2.2.6. Для выявления синегнойной палочки специальные посевы можно не производить. Обычно колонии синегнойной палочки удается выявить на кровяном агаре или на среде Эндо. Колонии, подозрительные на синегнойную палочку, пересевают на скошенный агар, содержащий 2 - 5 % глицерина или маннита. Колонии синегнойной палочки дают на поверхности скошенного агара обильный рост с зеленоватым оттенком, маслянистой консистенции с характерным медовым запахом. Выделенную культуру окрашивают по Граму, микроскопируют, определяют гемолитические свойства путем высева на чашку с кровяным агаром. Ориентировочный перечень объектов, подлежащих бактериологическому контролю:
А. Наркозная комната
1. Инкубационная трубка
2. Маска наркозного аппарата
3. Тройник наркозного аппарата
4. Гофрированная трубка
5. Ларингоскоп
6. Роторасширитель
7. Дыхательный мешок
8. Руки врачей-анестезиологов-реаниматологов,
сестер-анестезиологов
Б. Предоперационная
1. Тазы для мытья рук хирургов
2. Чистые щетки для мытья рук
3. Фартуки (клеенчатые или полиэтиленовые)
В. Операционная
1. Рабочий стол анестезиологов
2. Операционный стол
3. Шланг вакуум-насоса
4. Шланг кислородной подводки
5. Смывы с рук всех участвующих в операции
6. Кожа операционного поля
Г. Послеоперационные палаты, отделения и палаты
реанимации и интенсивной терапии
1. Кровать, подготовленная для больного
2. Полотенце для рук персонала и смывы с рук
3. Щетка на раковине
4. Шланг кислородной подводки
5. Запасная наркозная аппаратура (набор реанимационной
укладки)
6. Шланг вакуум-отсоса
7. Внутренняя поверхность холодильника (для хранения
лекарств, градусников)
8. Градусники
Д. Перевязочные
1. Кушетка для перевязок
2. Полотенце для рук персонала
3. Щетка на раковине
4. Халат медицинских сестер
5. Руки врачей, медицинских сестер
6. Рабочий медицинский стол
7. Внутренняя поверхность холодильника для хранения лекарств
3. Правила отбора проб для контроля стерильности в лечебно-профилактических учреждениях
3.1. Забор проб на стерильность проводит операционная сестра под руководством сотрудника бактериологической лаборатории в стерильные емкости с соблюдением строжайших правил асептики непосредственно перед проведением операции.
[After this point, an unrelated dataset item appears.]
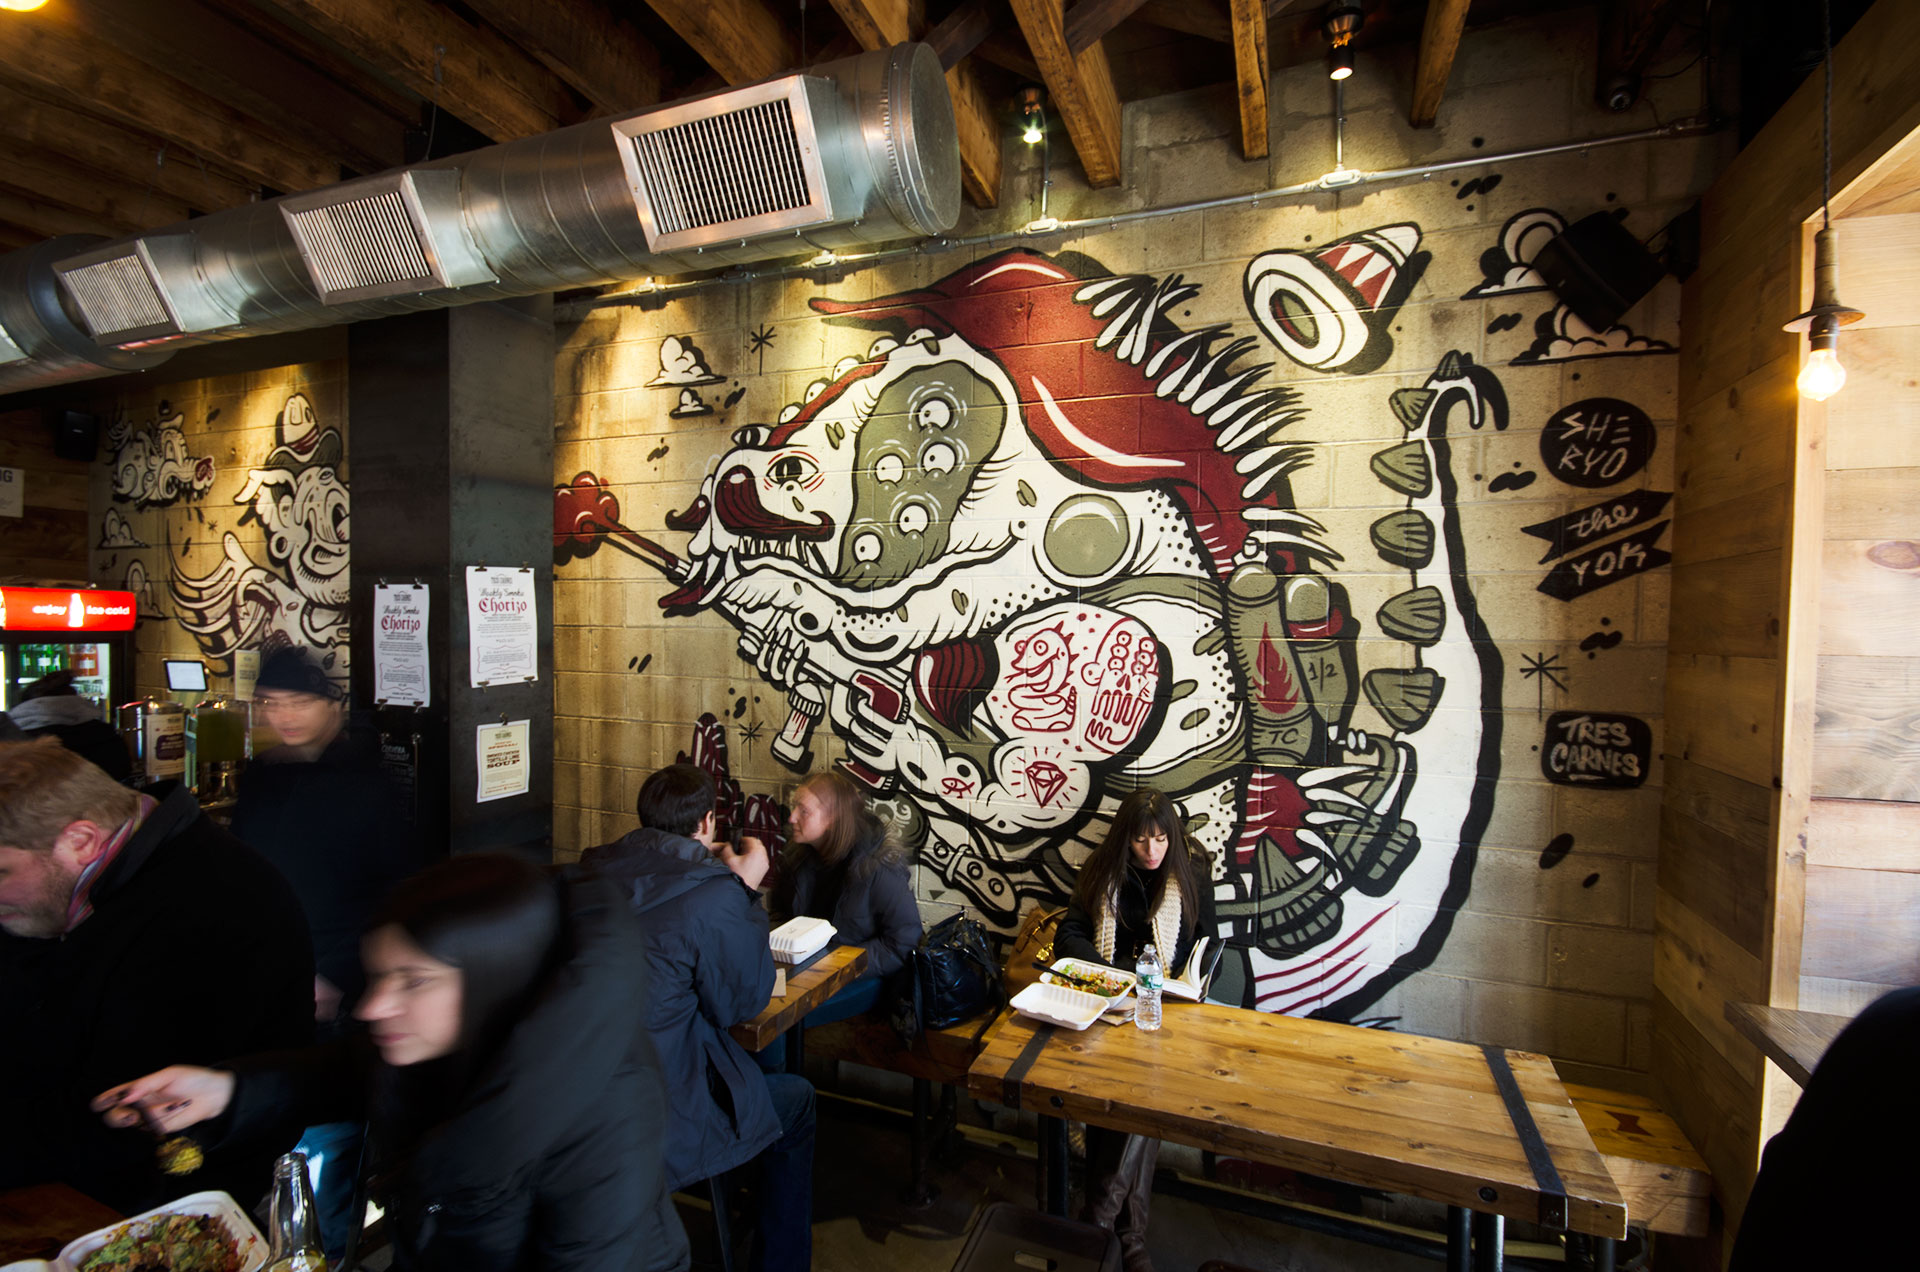 Mural: Sheryo & The Yok

3.2. Для контроля стерильности используют следующие питательные среды:
- сахарный бульон Хоттингера (0,5 и 1 % глюкозы);
- тиогликолевую среду;
- бульон Сабуро.
Одновременный посев изделий на 3 вышеуказанные среды обязателен. При посеве изделия или его части непосредственно в питательную среду количество среды в пробирке (колбе, флаконе и т. д.) должно быть достаточным для полного погружения изделия или его части.
3.3. Посевы в бульон Хоттингера и тиогликолевую среду выдерживают в термостате при температуре 37 град. C, среду Сабуро - при температуре 20 - 22 град. C.
Посевы инкубируют в термостате в течение 14 суток.
3.4. Описание состава, способа приготовления и правила контроля стерильности питательных сред изложены в приложении 1.
4. Мероприятия, обеспечивающие асептические условия при посевах
4.1. Требования к помещению для посева на стерильность.
4.1.1. Посев исследуемого материала желательно проводить в настольных боксах с ламинарным потоком воздуха. Эти боксы размещают в отдельных помещениях бактериологической лаборатории.
При отсутствии боксов с ламинарным потоком воздуха контроль стерильности проводят в боксированных помещениях (бокс с предбоксником).
Общая площадь бокса должна быть не менее 3 кв.м.